# MY HAFLINGER DRAWING> WHAT DO YOU THINK???



## sparky (Dec 14, 2006)

Thats really good  The only tips that i could only give you, is to try shading with the muscles. So its darker there, and if its done properly, it can really make a huge difference to the picture.


----------



## Miischiief (Jan 22, 2007)

OMG!

looks authentic  (good thing!)


----------



## Quebeth (Feb 27, 2007)

Thanks for the comments


----------



## Fancy Girl Haflinger (Jan 7, 2009)

Its better than i can do great job


----------



## ridingismylife2 (Nov 4, 2008)

WOW! thats really good.
i agree about more shading but otherwise it's really good


----------



## masatisan (Jan 12, 2009)

The horse is rather good, but the halter looks like it needs some work still, (under the chin and over the nose) so that it dosen't look embedded into his skin. Would it be possible for you to load your ref. pic?
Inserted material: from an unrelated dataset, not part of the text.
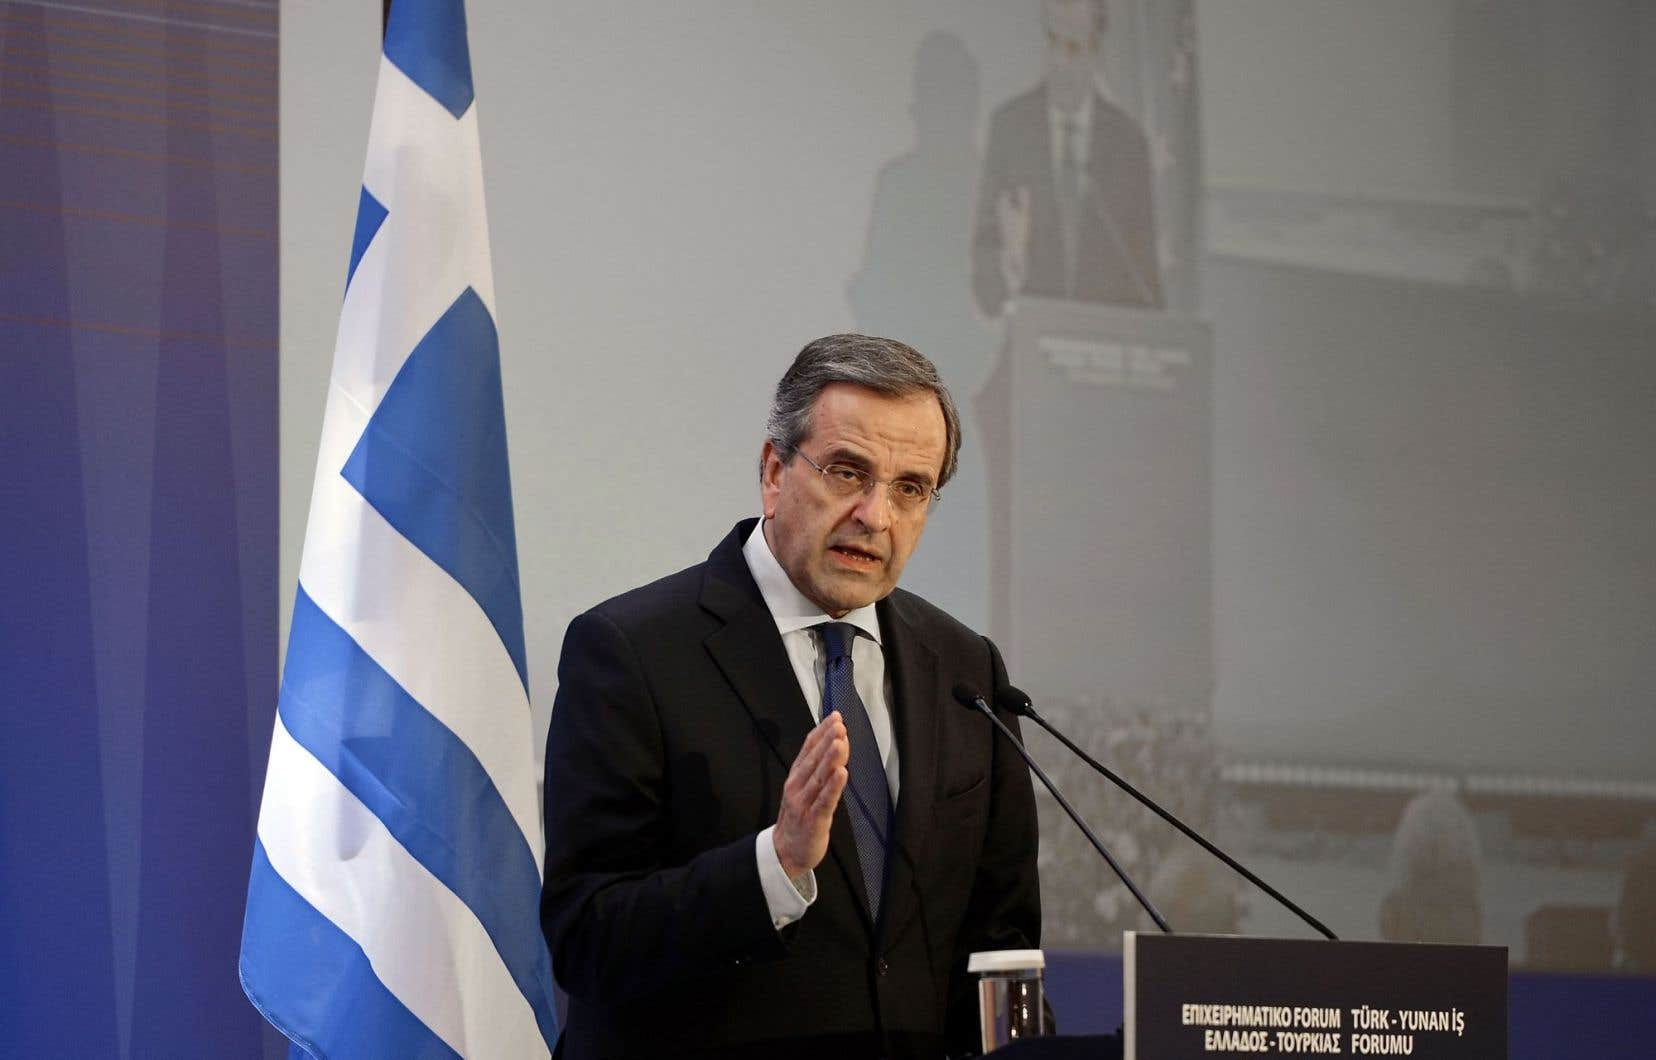 Le premier ministre sortant de la Grèce, Antonis Samaras, alimente lui-même les inquiétudes en disant que «le maintien du pays dans la zone euro» est l'enjeu principal des élections.

I would love to see it!


----------



## XxXequinegrlXxX (May 24, 2008)

it looks great!! .. def. better than i can do hehe

but here are some suggestions:
-make the ears a tad bit bigger
-shading
-and make that halter a bit thicker 

other than that great !!!!


----------



## my2geldings (Feb 18, 2008)

Great drawing


----------